# Here she is!! I need names now!!!! :)



## willowvalley (Nov 23, 2013)

I hope I did this right.. and that they aren't too big or too numerous!! I need to FIND where the rules are about pictures and re read it!!! 




























Uh oh, what did I do wrong? The top ones aren't showing up... And how do I make them bigger so you can see them without having to click on them??  Poo... I was hoping it would turn out good for her debut. :/


----------



## Mezza (Feb 19, 2013)

Oh dear! Didn't work. LOL!

I don't know how the others do it. But I just click on the paperclip icon and upload the pic. Its the only way it works for me.


----------



## willowvalley (Nov 23, 2013)

Here are some more...


----------



## willowvalley (Nov 23, 2013)

Mezza said:


> Oh dear! Didn't work. LOL!
> 
> I don't know how the others do it. But I just click on the paperclip icon and upload the pic. Its the only way it works for me.

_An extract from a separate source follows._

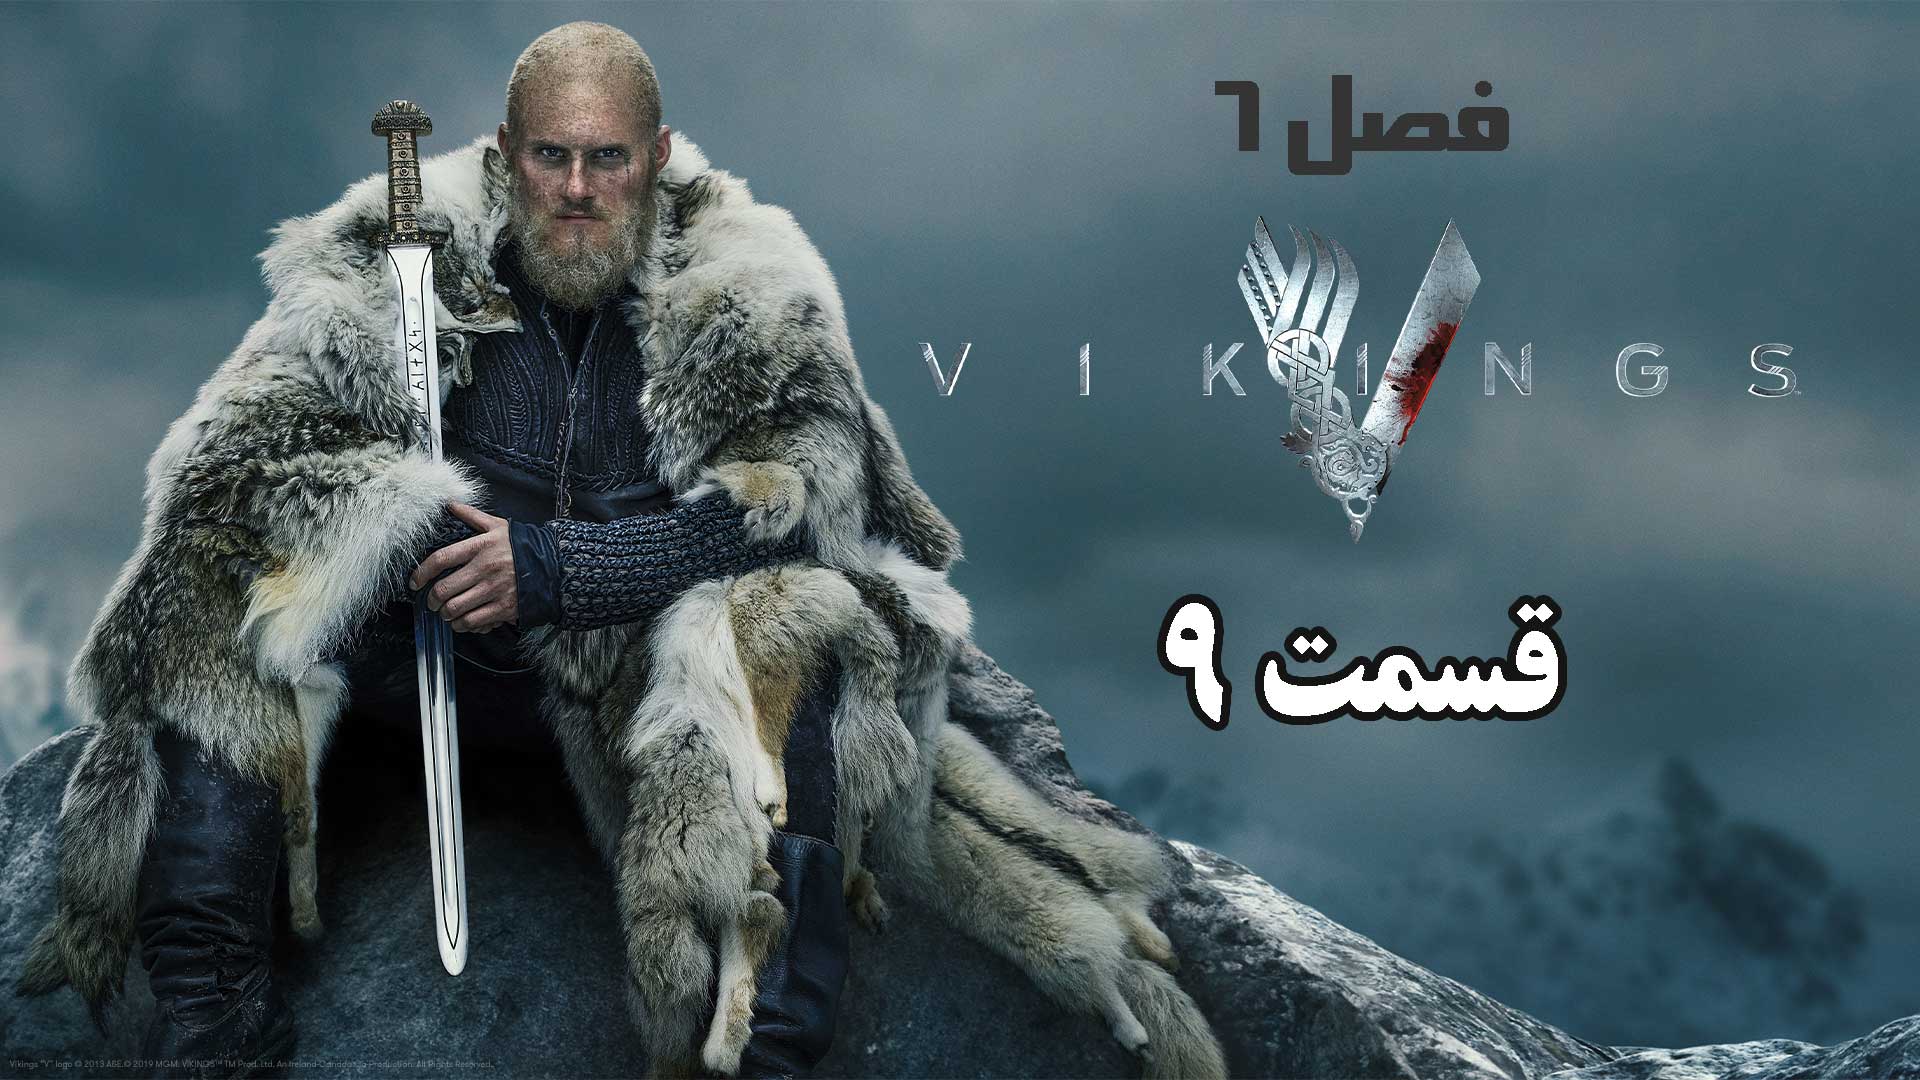 سریال وایکینگ ها (Vikings) فصل 6 قسمت 9 دوبله فارسی

Thank you, I think I tried to add too many to one post, maybe? I am not sure. I wish I could make them bigger.


----------



## CaliTiels (Oct 18, 2012)

There she is! So what were you thinking? I'm still with Tuesday


----------



## bjknight93 (Nov 13, 2011)

Cutie. Looks just like my Luna as s juvenile. 

I don't know why, but she looks like a "Candy" to me.


----------



## willowvalley (Nov 23, 2013)

Lougirl said:


> There she is! So what were you thinking? I'm still with Tuesday


That's too funny!!! I have a friend who had a cat named Friday.  
I have NO idea. HE keeps calling her Libby. :/ lol I will say I am a bit picky... hehe! 



bjknight93 said:


> Cutie. Looks just like my Luna as s juvenile.
> 
> I don't know why, but she looks like a "Candy" to me.


Thank you!  Is Luna a male or female?


----------



## Renae (Feb 9, 2008)

What a lovely girl.


----------



## willowvalley (Nov 23, 2013)

Renae said:


> What a lovely girl.



Aww, we both thank you.  She is SUCH a sweet baby.. and so calm and comfortable already. I can't believe it!!!


----------



## CaliTiels (Oct 18, 2012)

willowvalley said:


> I have NO idea. HE keeps calling her Libby. :/ lol I will say I am a bit picky... hehe!


Ya, she is not a Libby


----------



## willowvalley (Nov 23, 2013)

I agree. I need to check out names lists I guess....


----------



## RowdyTiel (Jan 24, 2013)

How precious! Congrats! ^^
Looks like we know who's ruling the roost now, huh? 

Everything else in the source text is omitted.